Fintech companies are mostly quiet on transfer of assets to next of kin

In a recent survey by Technext of a handful of major fintech players, cutting across savings, investment, cryptocurrency and NFTs, only one company, CowryWise said that it will reach out to the next of kin if an account becomes dormant after a year.

CowryWise defines dormant as “if an account with funds isn’t accessed after a year and/or there’re no inflow or outflow transactions within a full year.”

It said that it will then “reach out to the customer first and only reach the NOK if we do not get a response from our customer.”

On its website, PiggyVest, says that it will reach out to the next of kin after “a long period of time.” But, a chat with a customer relations representative revealed a different internal policy.

“In the case of death, your next of kin can reach out to us. Ideally, they should be aware that you own an account with us and that they are your next of kin,” PiggyVest said on the matter.

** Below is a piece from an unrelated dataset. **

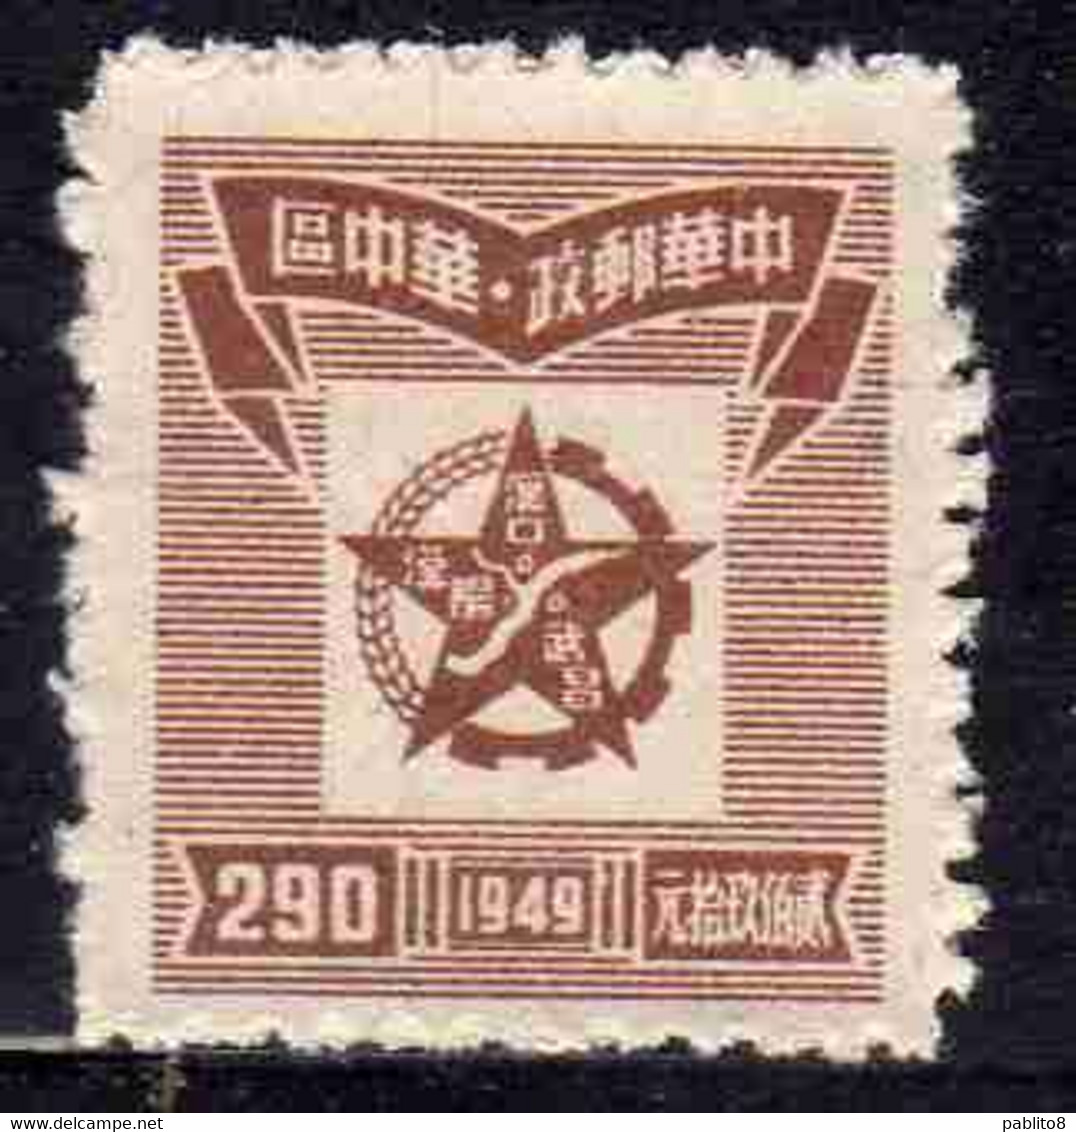 CENTRAL CHINA CINA CENTRALE 1949 Posts And Telegraph ADMINISTRATION Star Enclosing Map Of Hankow Area 290$ NG - Central China 1948-49

When asked about the information on their website that says it will reach out “after a long period of time,” the representative pushed back insisting that “we advise they (next of kin) be aware to enable them have access.”

Next of kin
Screenshot from PiggyVest’s next of kin section

While PiggyBank, CashBox, CowryWise, and some other fintech companies that were part of the Technext survey have a space for customers to fill in their next of kin details, many cryptocurrency platforms do not have provisions for same.

“Our product team is working on a feature that allows you add a next of kin and we will keep all our users updated once this is available on our platforms,” BuyCoins, a crypto exchange platform that has been in existence since 2017 said.

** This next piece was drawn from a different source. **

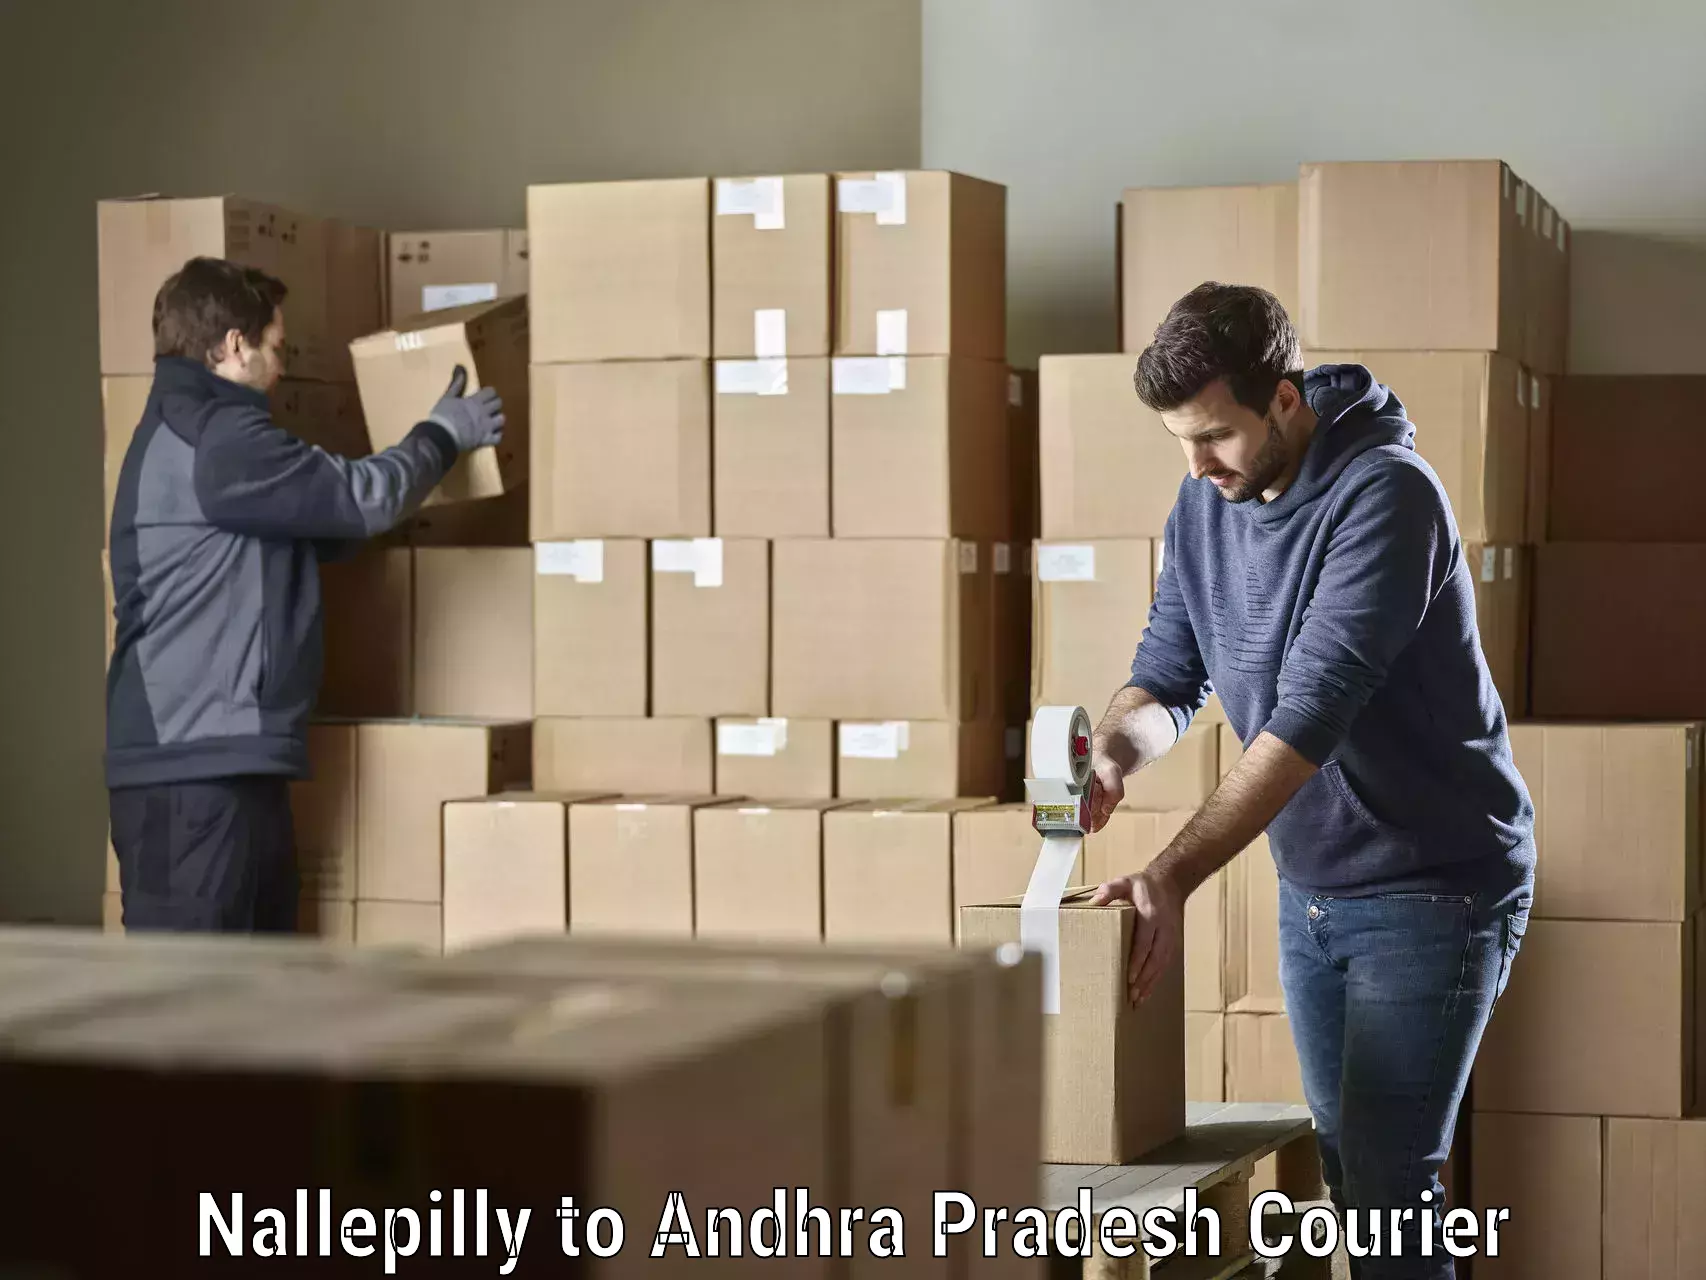 Courier service efficiency Nallepilly to Gajapathinagaram

The million-dollar question

What happens to their coins when customers die without a next of kin or a will?

“The coins remain in the account. In the event that there is any claim on the basis of someone’s death, we evaluate claims and make any necessary decisions,” BuyCoins said.

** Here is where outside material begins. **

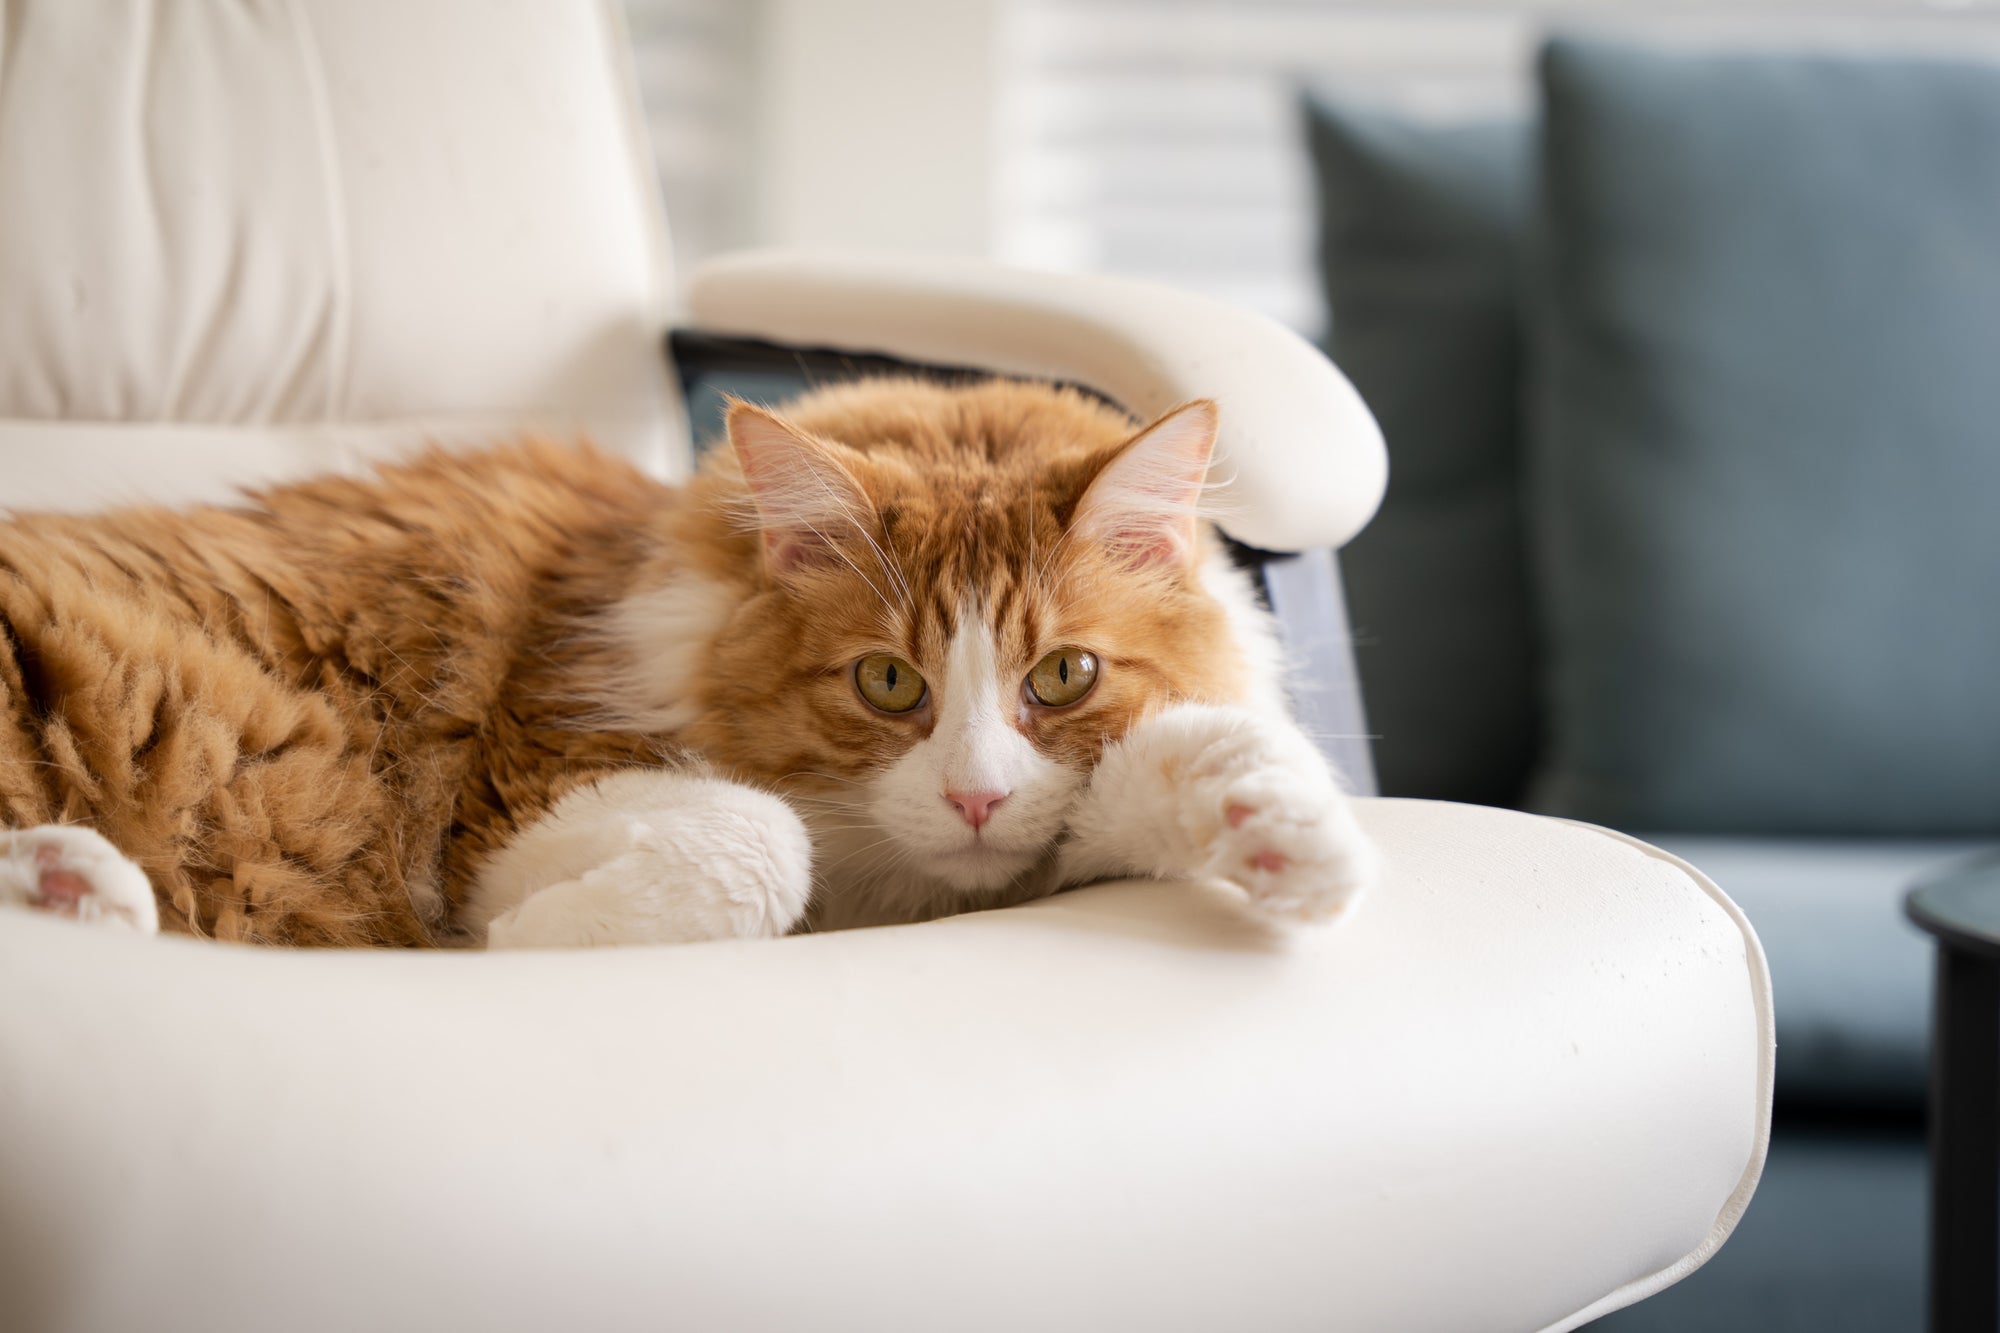 My Older Cat is Drinking But Not Eating: 6 Ways to Help

It added that it is now “working on a feature which allows you provide the details of your next-of-kin and allows us contact them if you have coins but have not used your account in a specific period of time.”

But, Joy Ajike who heads communication at CashBox insists that customers should inform their next of kins of all their savings and investments, especially when they don’t have a will, arguing that the customer base the financial sector has to deal with is enormous, making it difficult to reach out to customers with dormant accounts, or their next of kin.

Many of these fintech companies are in the early stage and don’t have that capacity.

“That is one issue that the financial sector has not really been able to overcome…There is no way the bank will know…With the amount of customer base the financial sector has, I don’t think it is something that you can always be tracking…We can’t exactly start calling each customer and harassing them ‘why are you not saving anymore,'” she told Technext.

Next of kin

Young Nigerians are not keeping their next of kins in the loop

Why are young Nigerians not informing their next of kin of all their savings and investments? For many, just like their parents, it didn’t occur to them that they now have investments and should tell their next of kin about it.

Until you brought it up, I had never even given it a thought at all

Laolu Olagunju, UI/UX engineer

“Nobody was aware. I just did it out of my brain,” Idris, a graphic designer based in Lagos said.

“Young people do not want to show their other sources of income, especially if the next of kin is a parent or older siblings.” Amarachi, who works at a tech company in Lagos said.

The same scepticism that inhibited middle-aged and older Nigerians from disclosing their savings and investments to their next of kin, even as tech offers young Nigerian access to early-stage investments options, is gradually creeping in.

With CBN unwilling to compel financial institutions to be attentive to the next of kin problem, the path to securing their investments is going to be a long one. Except, of course, they tell them (the next of kin), themselves.